Amanda Hesser of The New York Times comically over-rated Spice Market when it opened in 2004, awarding three stars. It was probably a solid two, but suffered the inevitable decline that plagues almost all of the Vongerichten restaurants. In 2009, Frank Bruni demoted it to one star, which was probably about right. By the end, it was basically a party restaurant for tourists, but as tourist restaurants go, you could do a lot worse.

*

A little over three years ago, Spice Market’s arrival signaled a milestone for the Meatpacking District. For the first time, a serious restauranteur (Jean-Georges Vongerichten) was staking claim to an area that used to be a wholesale meat market and prostitution haunt.

Indeed, in a much-ridiculed three-star review, Amanda Hesser of the Times advised Vongerichten to pump ginger aroma into the street, to overcome “the stench of blood and offal from the surrounding meatpacking district.” She added, “It’s hardly an olfactory amuse-bouche.”

Nowadays, your tender nostrils needn’t worry about the stench of blood: the original meatpackers are long gone, and the area is a maze of clubs and mostly second-tier restaurants. Whether it has any restaurants worth your while is open to debate. I am probably in the minority, when I tell you that there are actually a few Meatpacking restaurants I like.

Until yesterday, I’d never been to Spice Market, except for drinks. In the early days, it was one of the city’s toughest tables to book, and I never bothered. However, when a friend suggested it, I was happy to accept the invitation, as it was the only one of Vongerichten’s Manhattan restaurants I’d never been to. Things have settled down a bit, although Spice Market still does brisk business. On a Tuesday night, most tables were taken, and I noted that all of the luxurious private rooms downstairs were fully booked.
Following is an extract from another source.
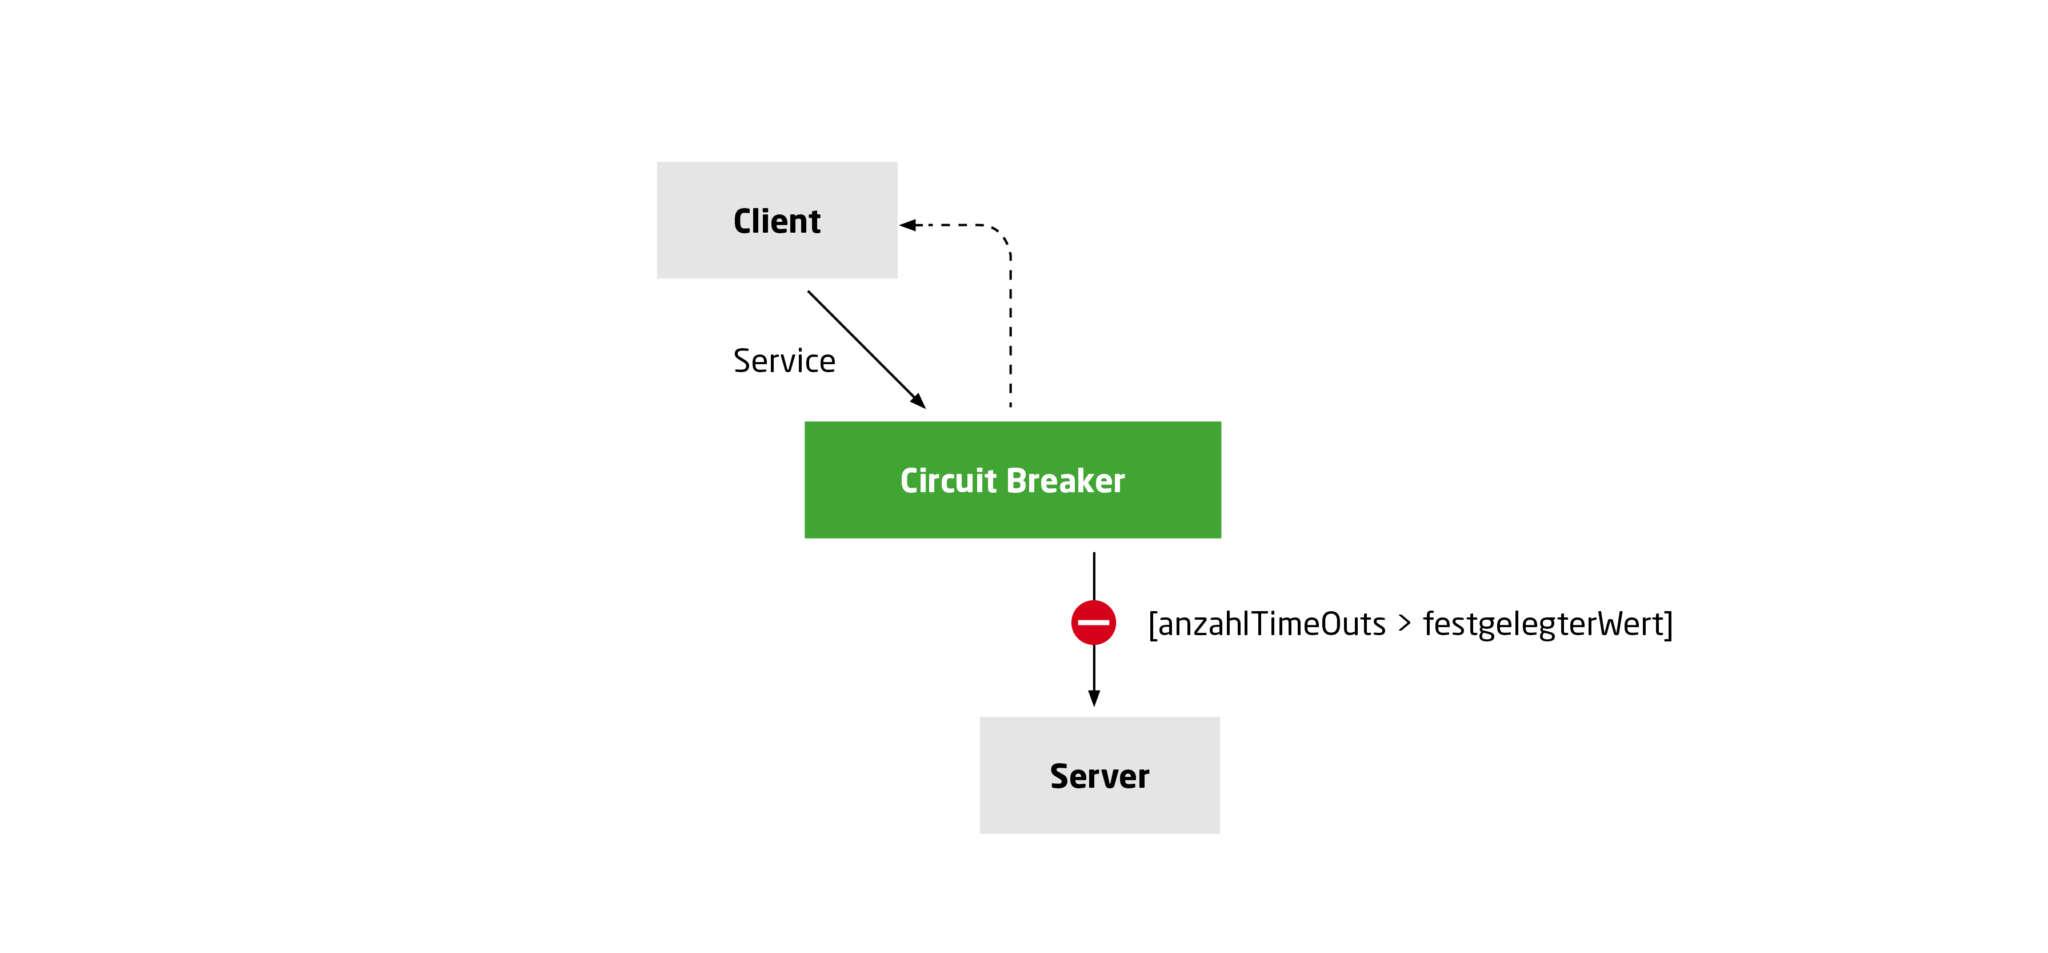 Szenario 1: Circuit Breaker beantwortet Client-Anfragen (Sicherung ausgelöst)

The pan-Asian menu is divided into appetizers ($9.00–14.50), salads ($7.50–14.00), soups ($7.50–8.50), seafood entrées ($18–30), meat entrées ($16–36), and noodles/rice ($2.00–14.50). At the bottom comes the ominous warning, “All dishes are served family style.” That means they come out of the kitchen, and onto the middle of the table, when the kitchen is ready to serve them—not necessarily when you’re ready to eat them.

We weren’t sure how much food we needed, and “small plate” restaurants like Spice Market tend to encourage over-ordering. For appetizers, we tried the Black Pepper Shrimp ($14.50), which was nicely balanced in true Vongerichten fashion with sun dried pineapples. Mushroom Egg Rolls ($9.50 for four) with a galangal dipping sauce were also excellent.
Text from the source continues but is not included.